→ **DESCRIPTION OF THE TASK**
The output should match, line for line, the records from the line containing "Michaël Preteseille le" through the line containing "a plate with a cake shaped like a unicorn", with every picture left out.

→ **DATASET EXTRACT**
# # # #
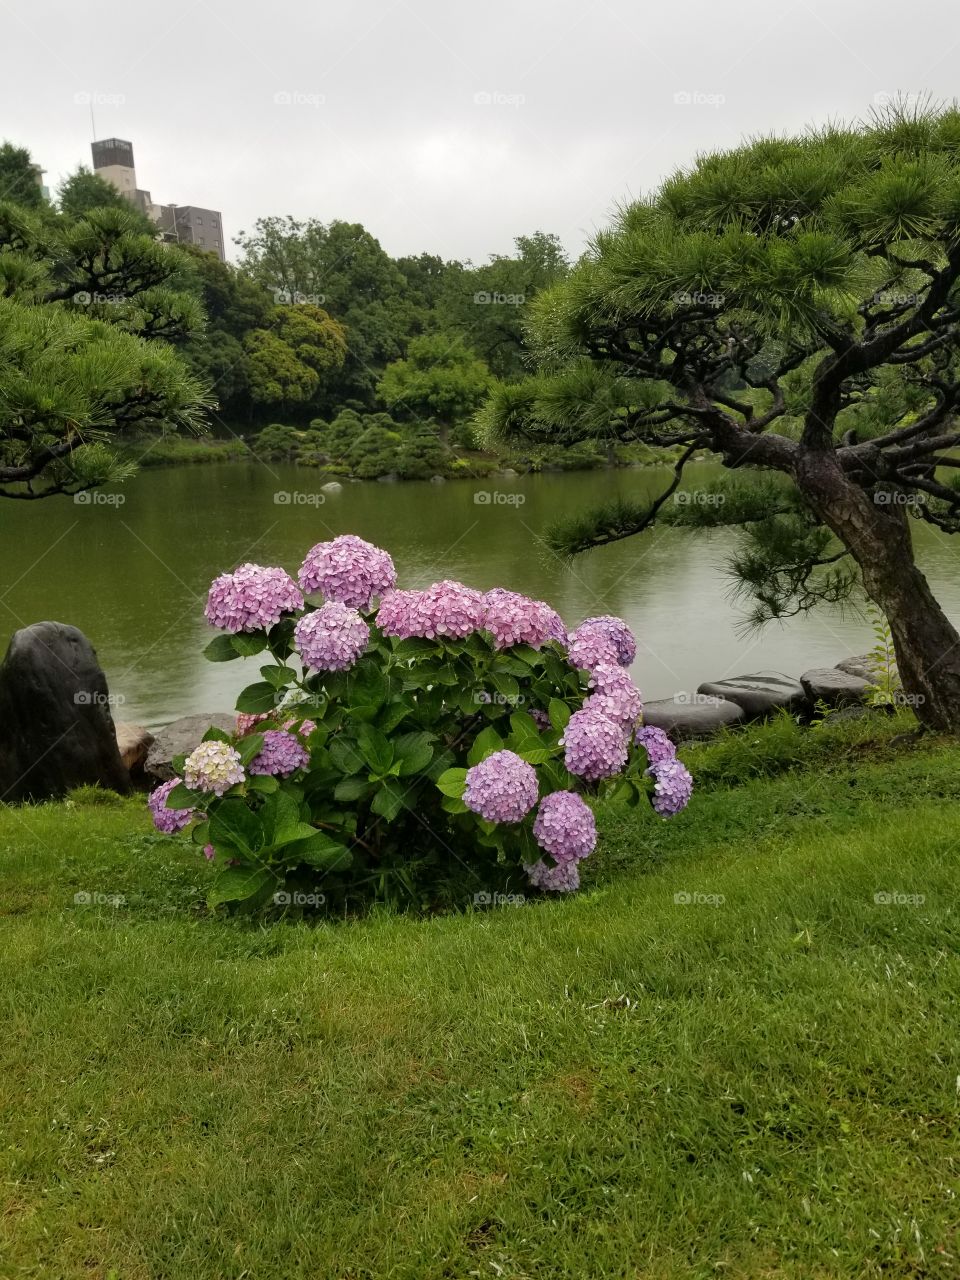 Hydrangeas in Tokyo
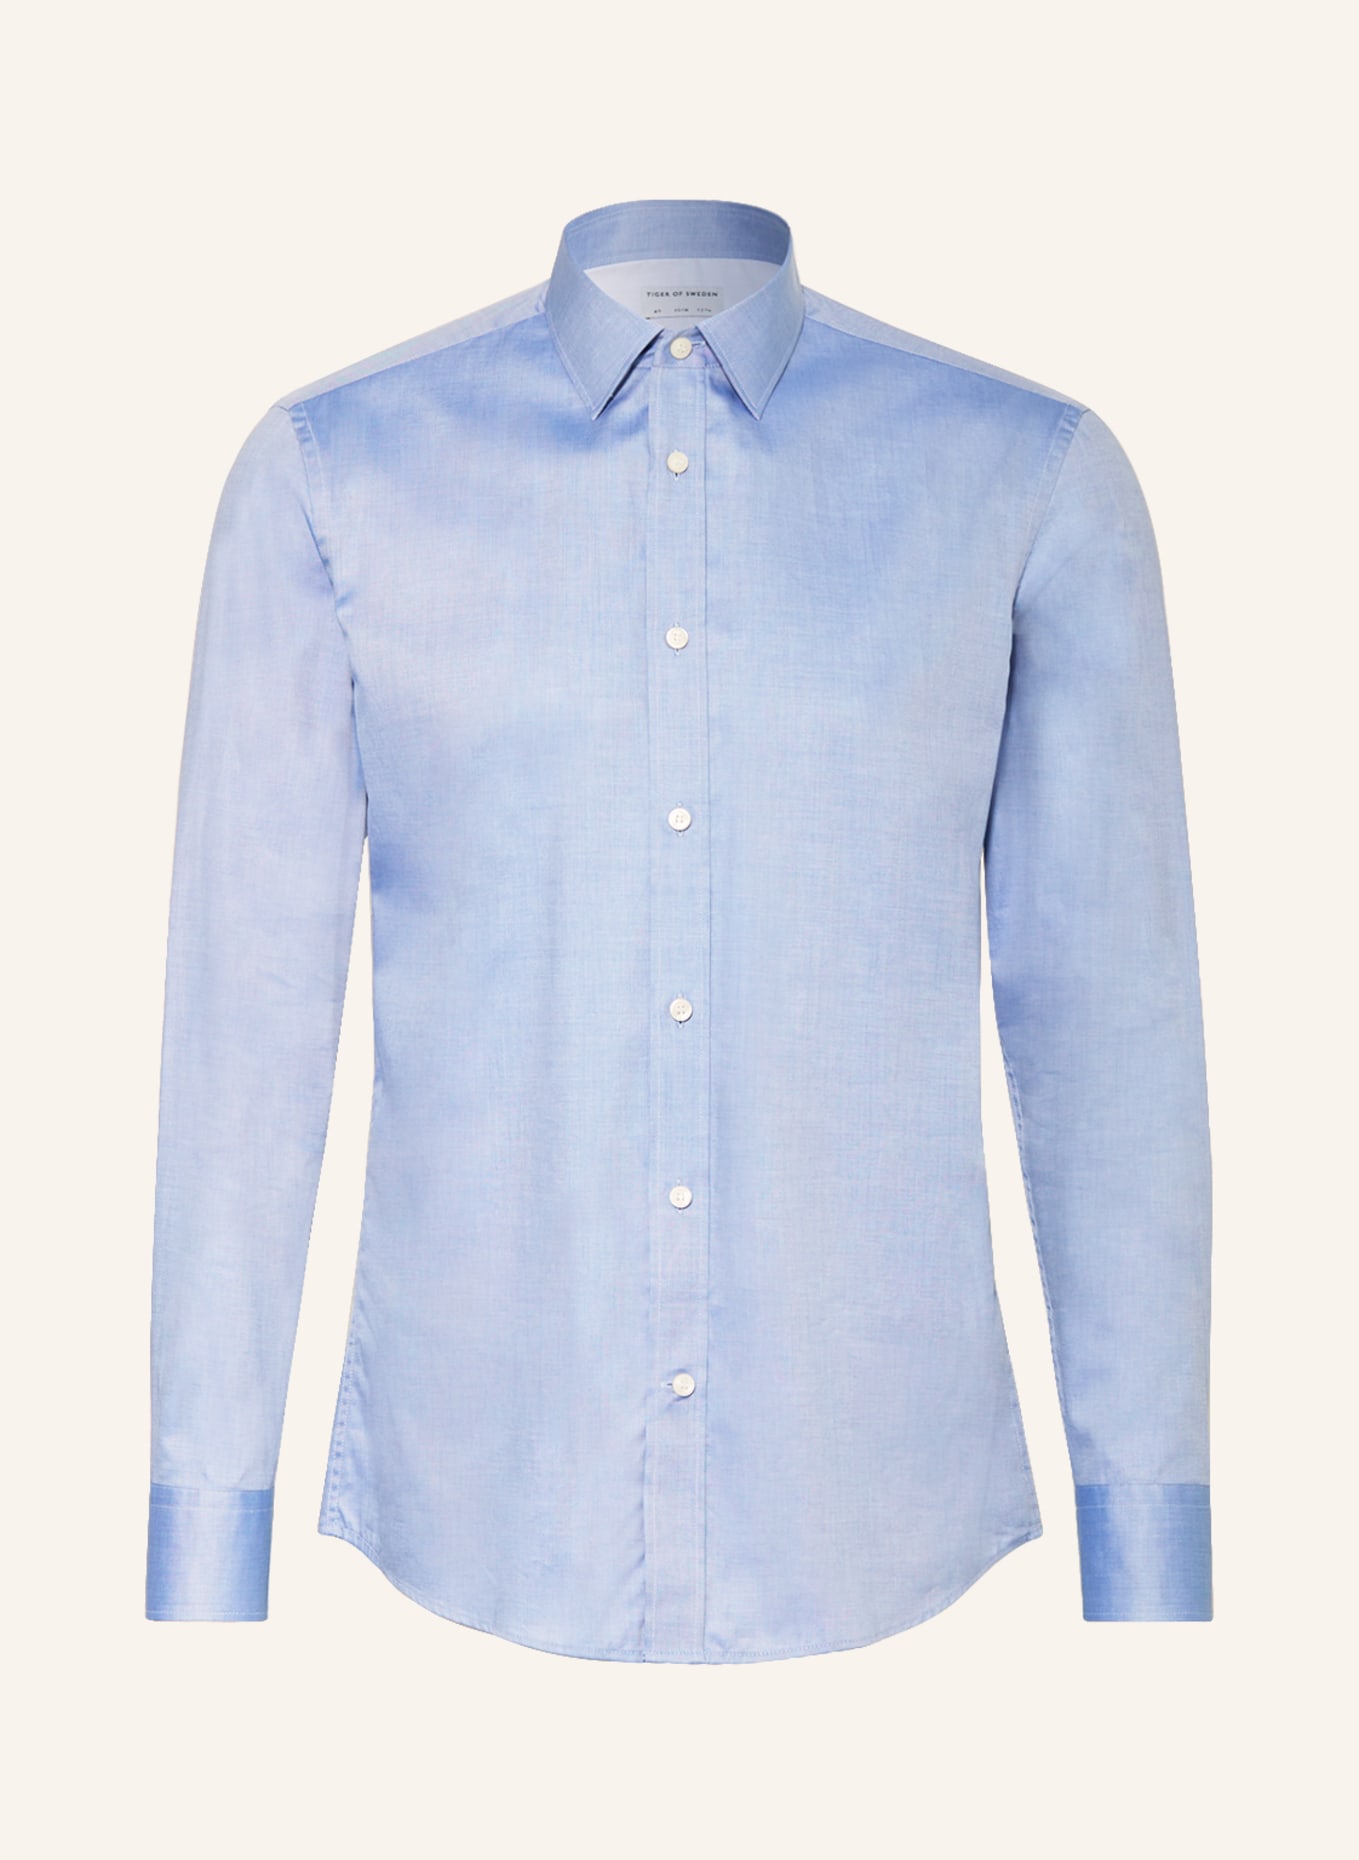 TIGER OF SWEDEN Shirt ADLEY slim fit, Color: LIGHT BLUE (Image 1)
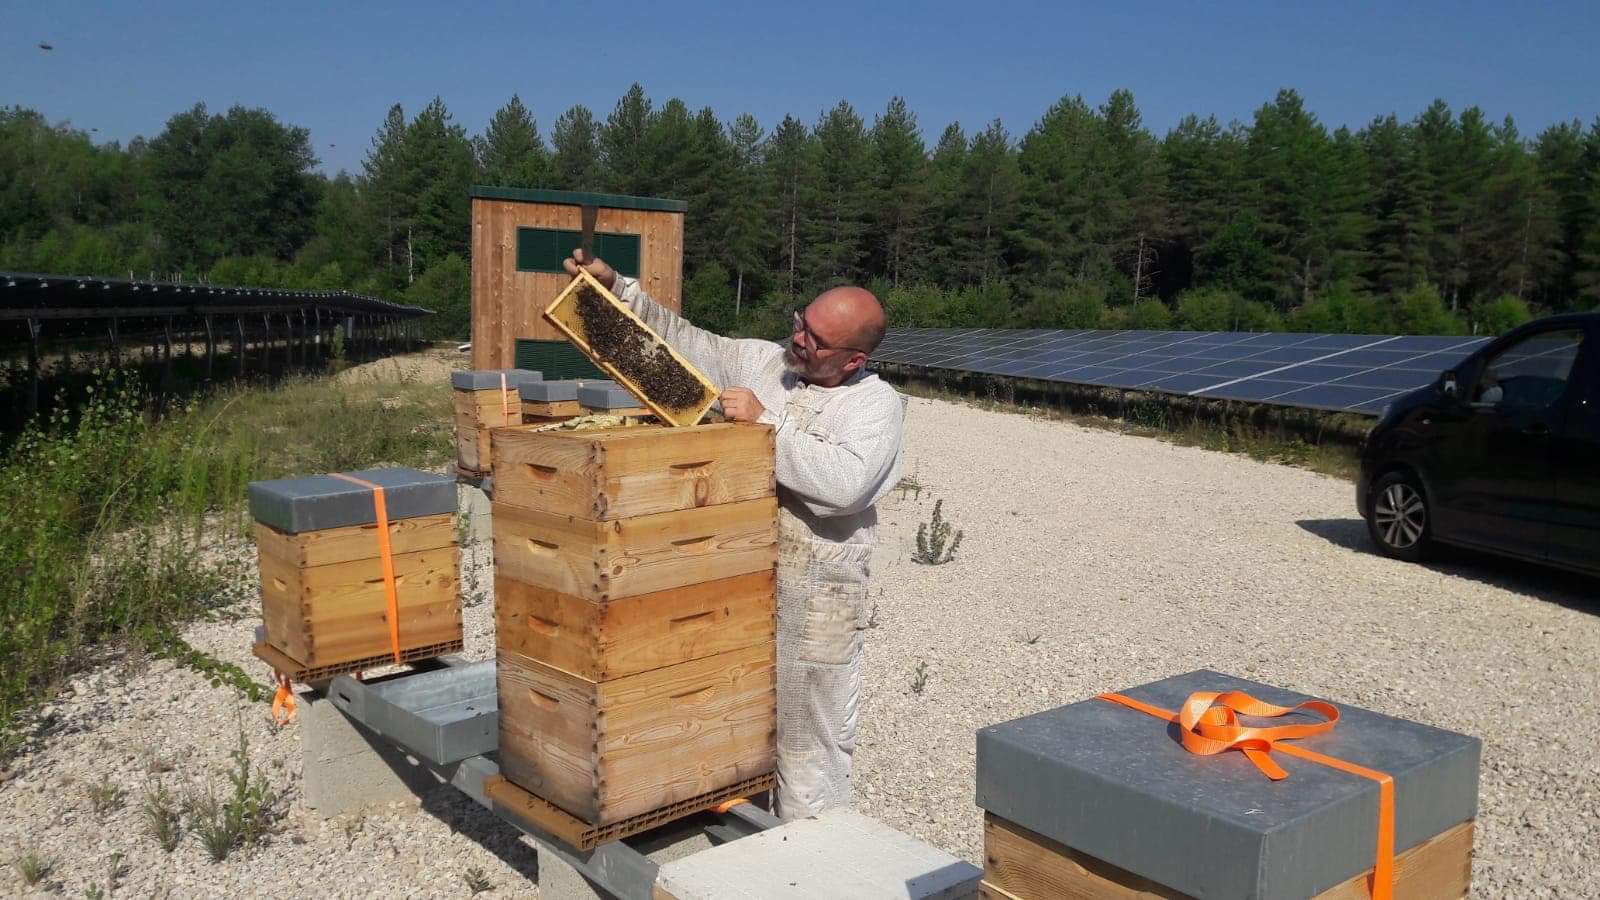 Michaël Preteseille le dirigeant du rucher de la Dame Blanche installe les ruches dans un parc de panneaux photovoltaïques d'APEX énergies ou d'EREA technologie
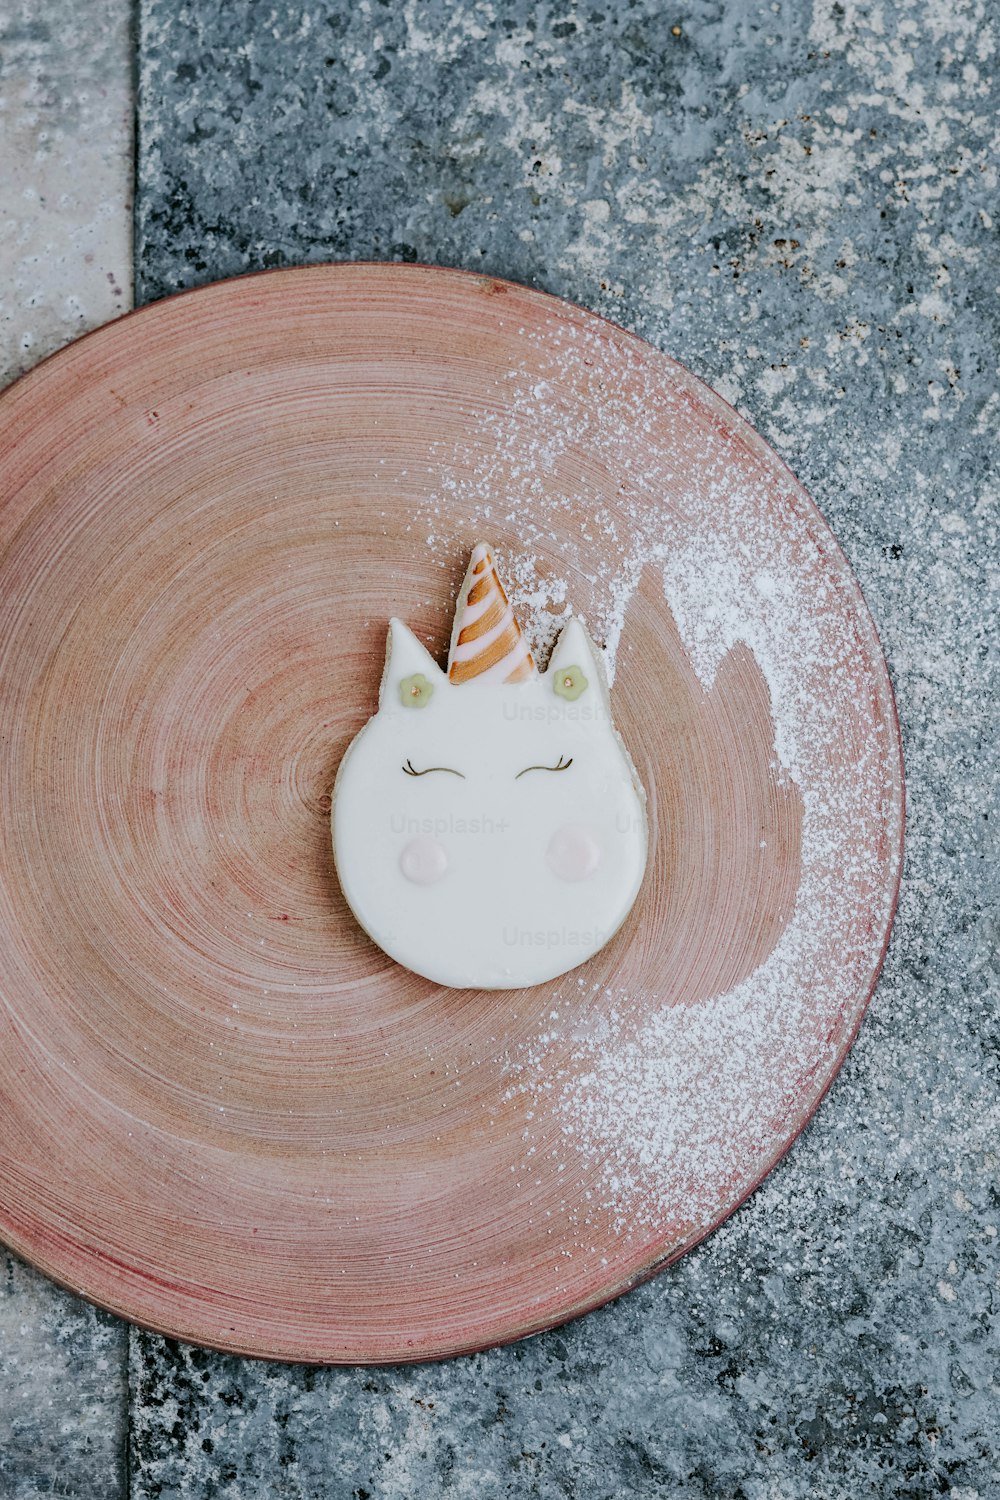 a plate with a cake shaped like a unicorn
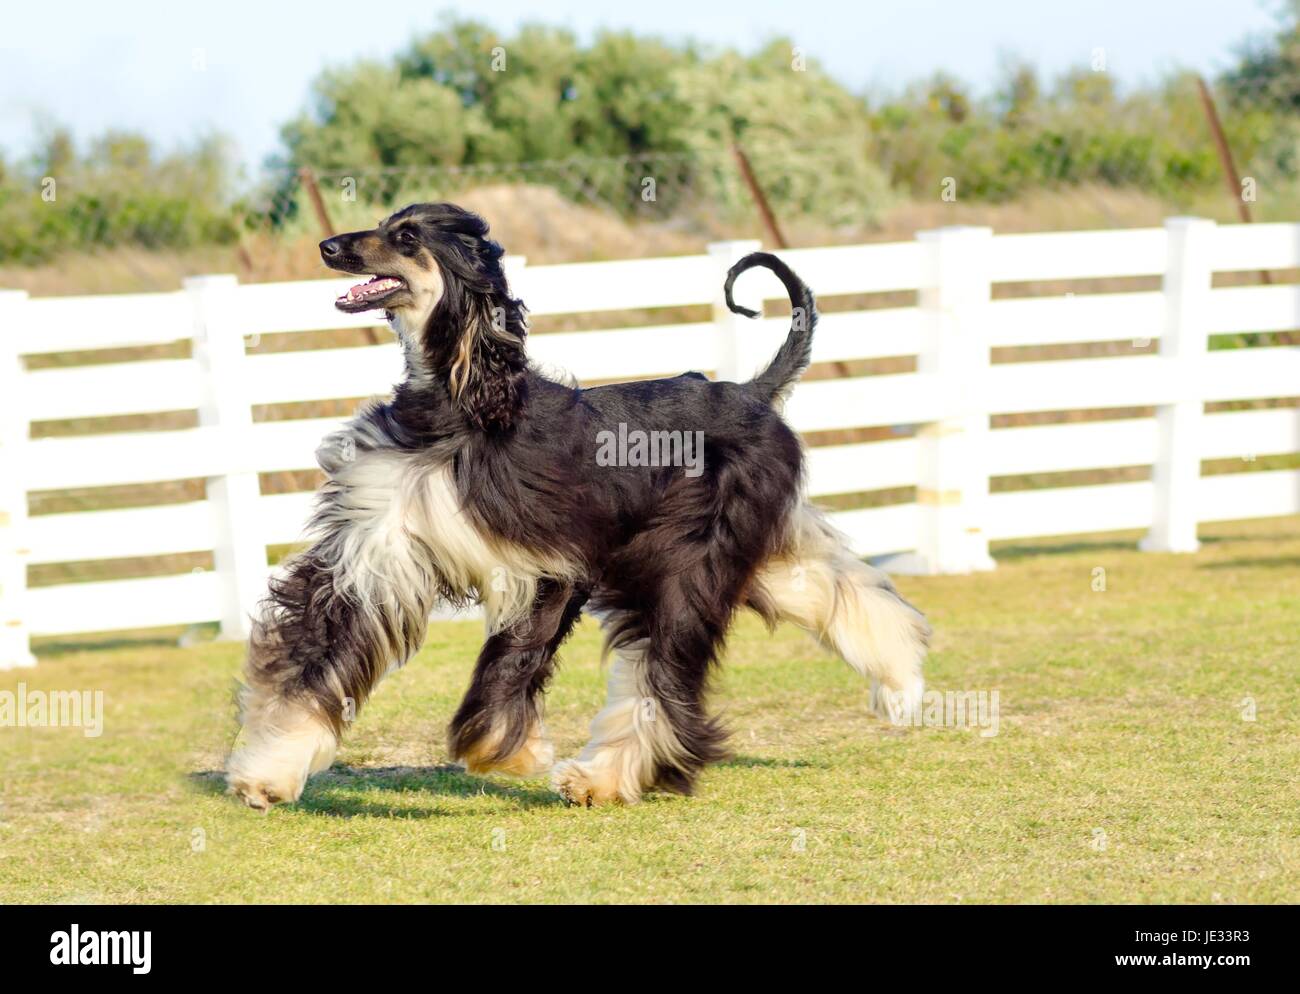 Ein Profil-Blick auf eine gesunde schöne Grizzle, Black And Tan, Afghanischer Windhund zu Fuß auf dem Rasen suchen glücklich und fröhlich. Persische Windhund Hunde sind Rank und schlank mit langen, schmalen Kopf, langen, seidigen Fell und Ringelschwanz. Stockfoto
# # # #
→ **RESULT FOR THIS EXERCISE**
 Michaël Preteseille le dirigeant du rucher de la Dame Blanche installe les ruches dans un parc de panneaux photovoltaïques d'APEX énergies ou d'EREA technologie
 a plate with a cake shaped like a unicorn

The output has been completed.